Thanks! Seems we are in the exact same boat. Good luck with the surgery and stay strong! Did the doctors mention any particular reason why they wanted to do surgery instead of the radiation gamma knife treatment? I guess it all depends on the size of the AVM?
Hi James! My daughter in law (who lives with me) is almost two years out from her AVM bleed and subsequent treatment with Cyber Knife surgery. Welcome home… Take it easy and one day at a time. I went to Staples and got a binder for her, in it we put dividers and started putting in results of tests, insurance papers, business cards from Doctors, etc… That binder travelled with her to every doctor visit, test etc… It’s becomes useful for you. Good luck!

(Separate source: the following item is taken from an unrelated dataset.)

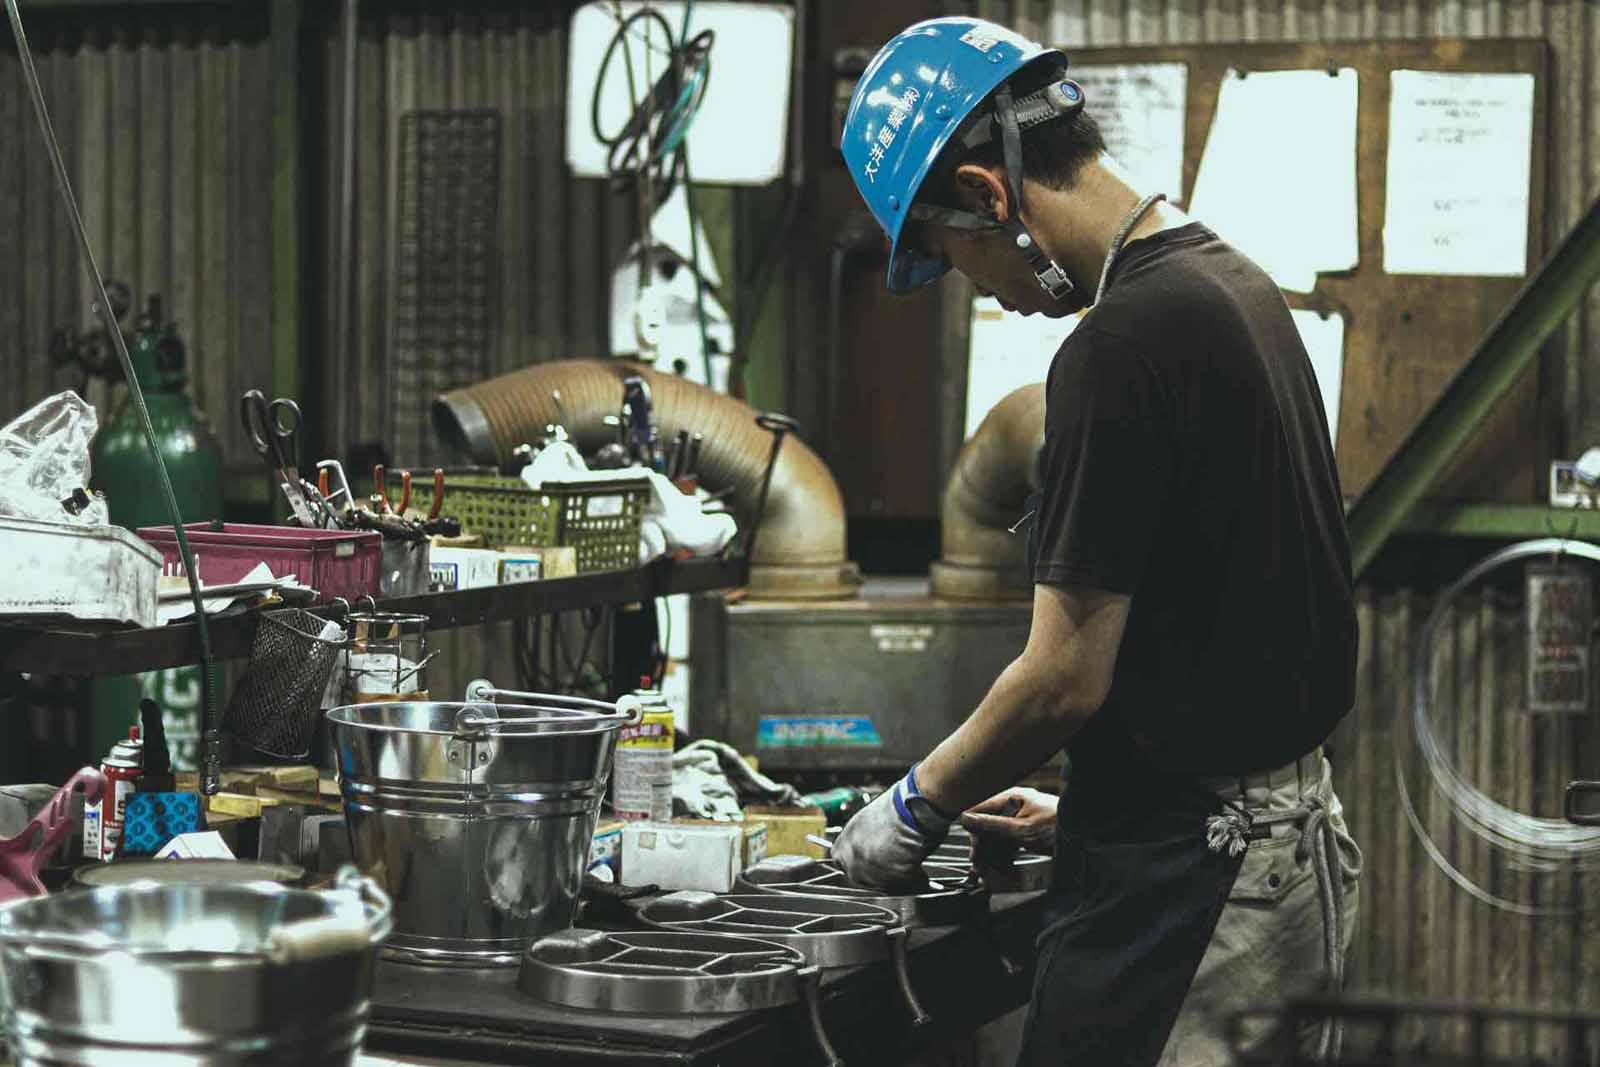 鋳物製造ヘッダー画像3

Mina, that was a very smart thing to do. My wife keep a book of every operation, with Doctor name, every result, every medicine they gave me, every time they took my blood pressure and it’s result, cards, nots, just everything. Hopefully not, but you may need to get another binder. She filled up two pretty quickly, and is still adding items 10 years later.
James,
Thanks for your story!
If this is any consolation, after my AVM surgeries, decades ago, my eye sight was so bad, that everyone told me I would never drive again. I was practically all blind! BUT, months by months, year by year, my eye sight got so much better, that 3 ½ years after my surgeries, I got my driver's license, again.
I kept praying and praying, and that worked for me!
Good, good luck.
Lisa A. Stuckel
hi orlando, what did the doctor do to help your vision prism??
hi Caroline, the vision loss is called homonymous hemianopia, my husband lost the right halves in both eyes. do you really believe in novavision? you have proof in your visual field tests that you can see a larger area? please let me know... my husband is miserable with this condition that it has him depressed, worst of all is that he's an optometrist.
Hi Lisa, I would love for you to rub off some of your positive outlook on the vision loss to my husband. I read that you are an optometric assistant and he is an optometrist who has homonymous hemianopia on both right vision fields.... i sent you a friend request so we can discuss further. would love to talk to you.
Hi James,
I also had an AVM affecting my left peripheral vision. My vision was extremely poor after a craniotomy, but did improve. I still have no vision in my upper left field, but the blacked-out area shrunk in the months following surgery.
10 years later, I've finished college, law school, and moved on with my life completely. In the end, this won't be a thing.
-Chad
PS, I saw a nuero-opthamologist for the first time this year, and the guy was a total fuck. I didn't need one when i was actually sick, and I learned there's basically nothing they can do besides assess the situation. You can do that yourself.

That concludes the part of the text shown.